Focus on what you do have. Once you acknowledge the ups and downs of life, be deliberate in your daily focus on the good, whether you are in a peak or a valley. Dr. Cregg Chandler, retired air force chaplain, maintains, “You may not have a job; however, you have your health or the ability to walk, see or feel.” Braun agrees. “Make a list of what you do have, including the smallest of things.” Simple material things are nice, but also share the abstract, such as love among family, the joy of singing and making music or friendship.
Help others. Everyone struggles at times, and while you may feel as though your family is the only one suffering your particular situation, serving others in need can help shift your perspective. Buchheit states, “By helping others in need, we are able to realize all that we have … helping someone else in need is a great way to help children experience gratitude.”
Chandler, author of “A Separation Survival Guide for Military Couples,” describes the benefits of helping others, especially those with similar stress. “I’ve always encouraged (military) families to come together in a community environment … along with having a time for sharing concerns, healing and the giving of thanks.” Working through similarly stressful events or occasions with others often helps ease the burden.

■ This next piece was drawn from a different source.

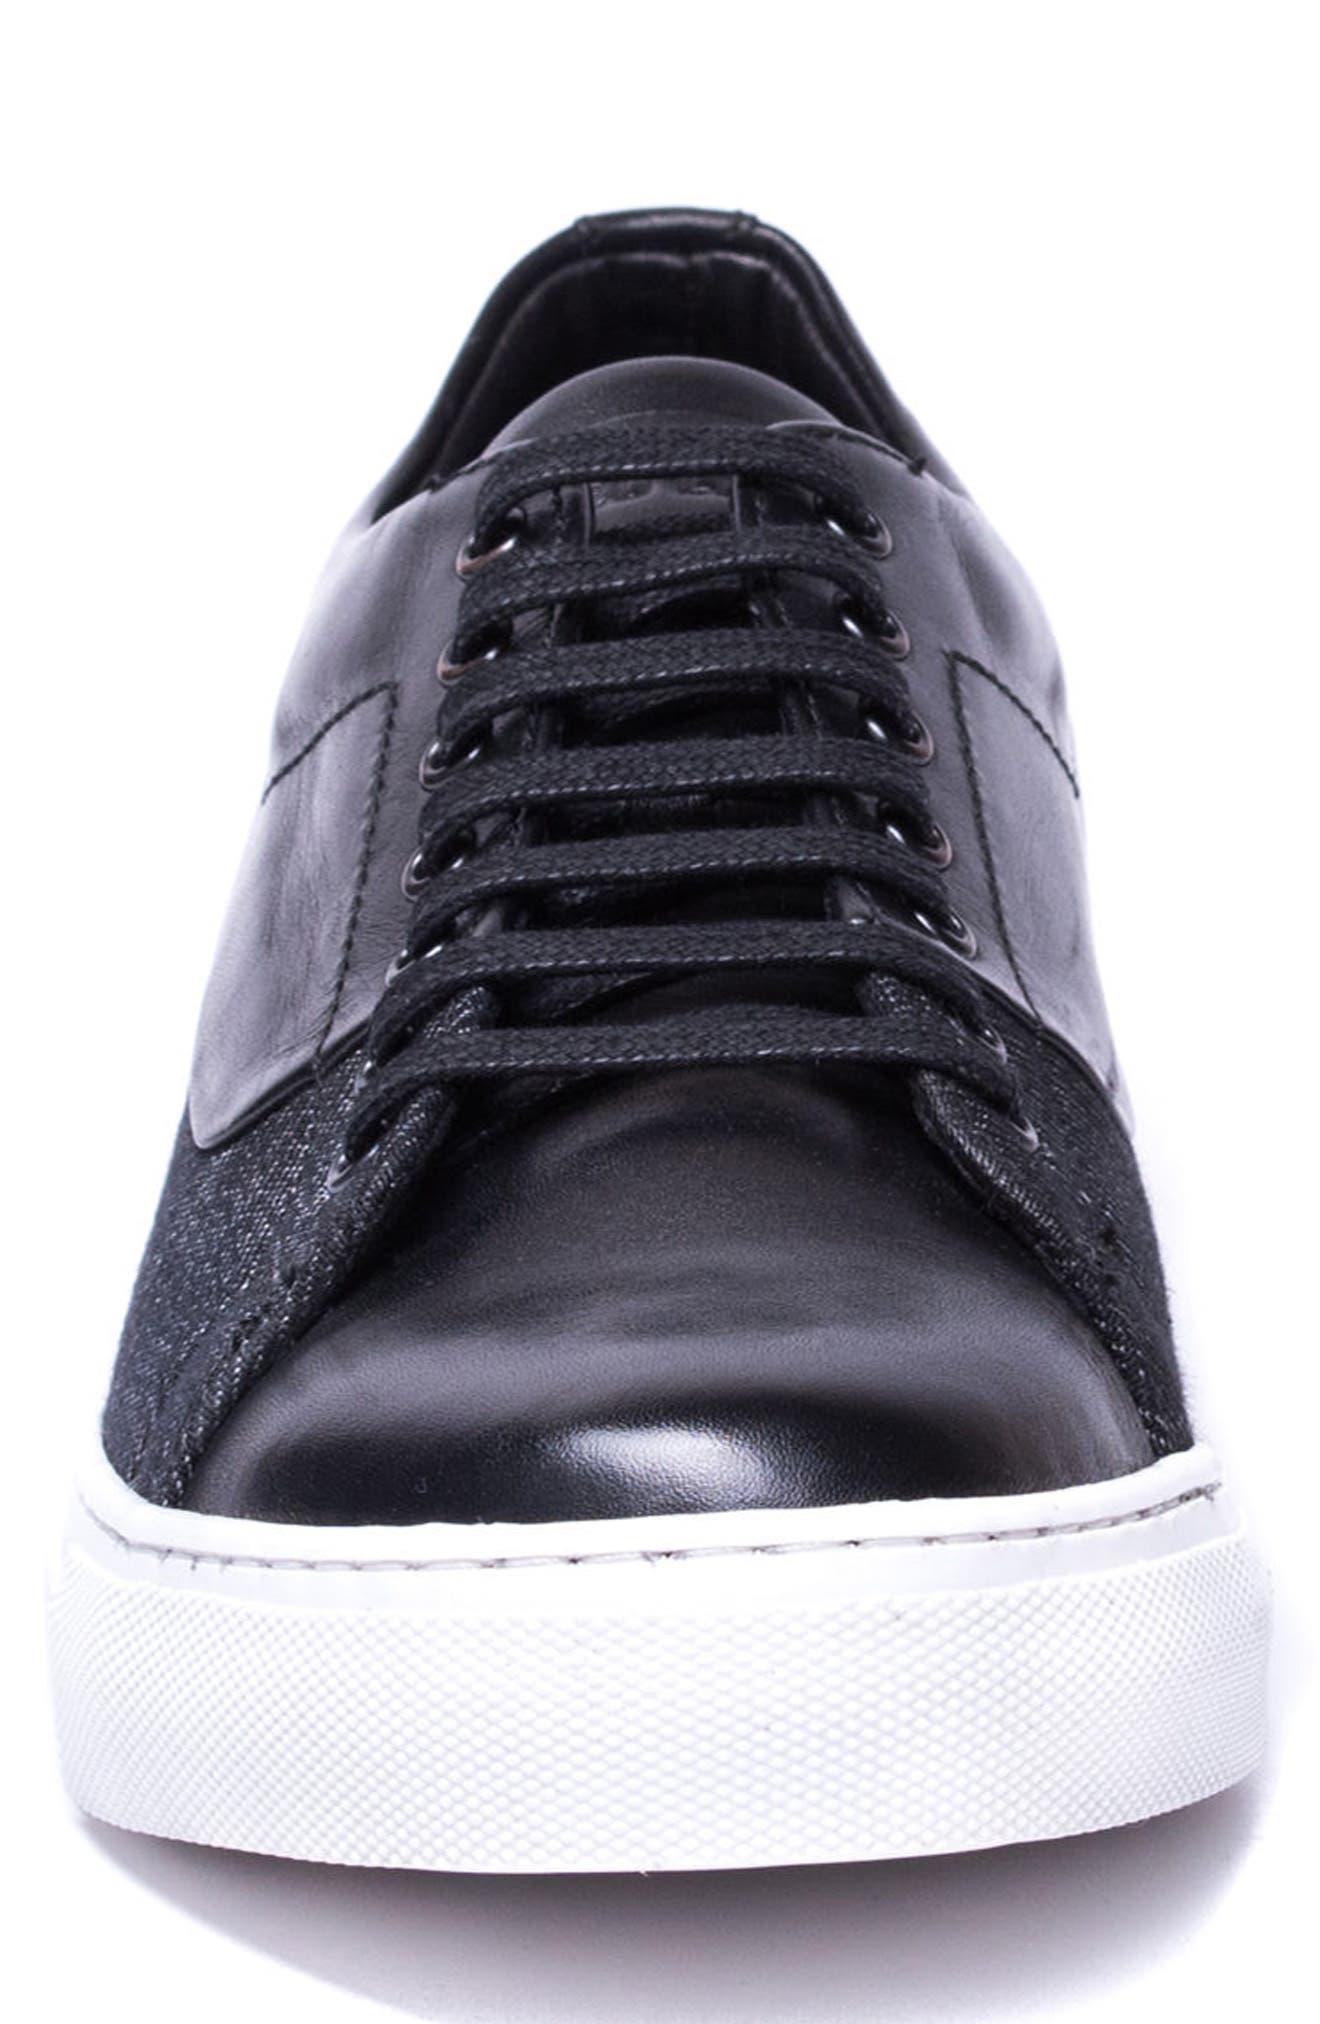 Luke Low Top Sneaker,                             Alternate thumbnail 4, color,                             Black Leather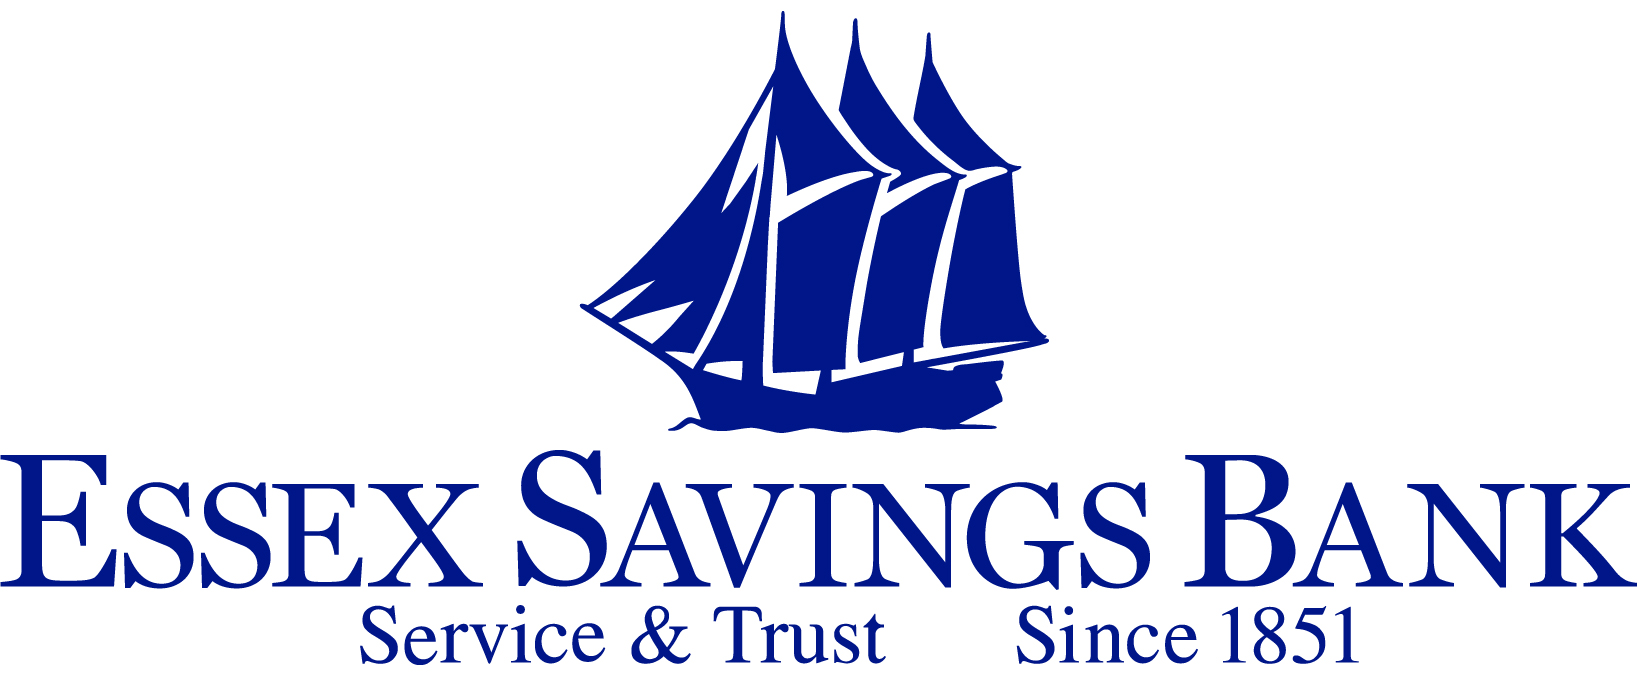 Essex Savings Bank logo

Turn the simple into the special. Parents often underestimate the simple joys of childhood and how special everyday things can be to a child. Adopt a childlike attitude and turn simple blessings into special events. Braun suggests, “Have family experiences. Eat a meal under your dinner table. Laugh together. Play games together. Laugh some more. How grateful you will feel to have one another!” Braun further reminds parents to view experiences as fabulous gifts, and that “people often forget gifts, but they never forget experiences!”
Fake it. You don’t need to be overly artificial, but when struggles really challenge your ability to feel genuine gratitude, you have to practice gratitude even if it feels forced. Buchheit coaches parents to give gratitude your best effort, even under the hardest of circumstances, and eventually, “your words will go from feeling fake or silly to meaningful. If we say anything long enough, we can often convince ourselves of it.”
Look to the world. If you still struggle with thankfulness, focusing on your position and life circumstances in contrast to many other parts of the world can also help shift your perspective. Dr. Chandler encourages participation in international outreach, such as Samaritan’s Purse, “an organization that sends shoe boxes with inexpensive supplies to children in needy countries. Having your young children participate in this outreach helps them to consider and appreciate the supplies they have, compared to suffering children around the world.”
Often, finding thankfulness is an act of your will, not your emotions. By being mindful and deliberate in focusing on your blessings, you are helping not only your own attitude but also that of your family. Buchheit concludes, “Teaching gratitude to children at a young age is a powerful habit they can take into adulthood.” If nothing else, focusing on your powerful ability to positively shape your child’s future attitude may be reason enough to count your blessings.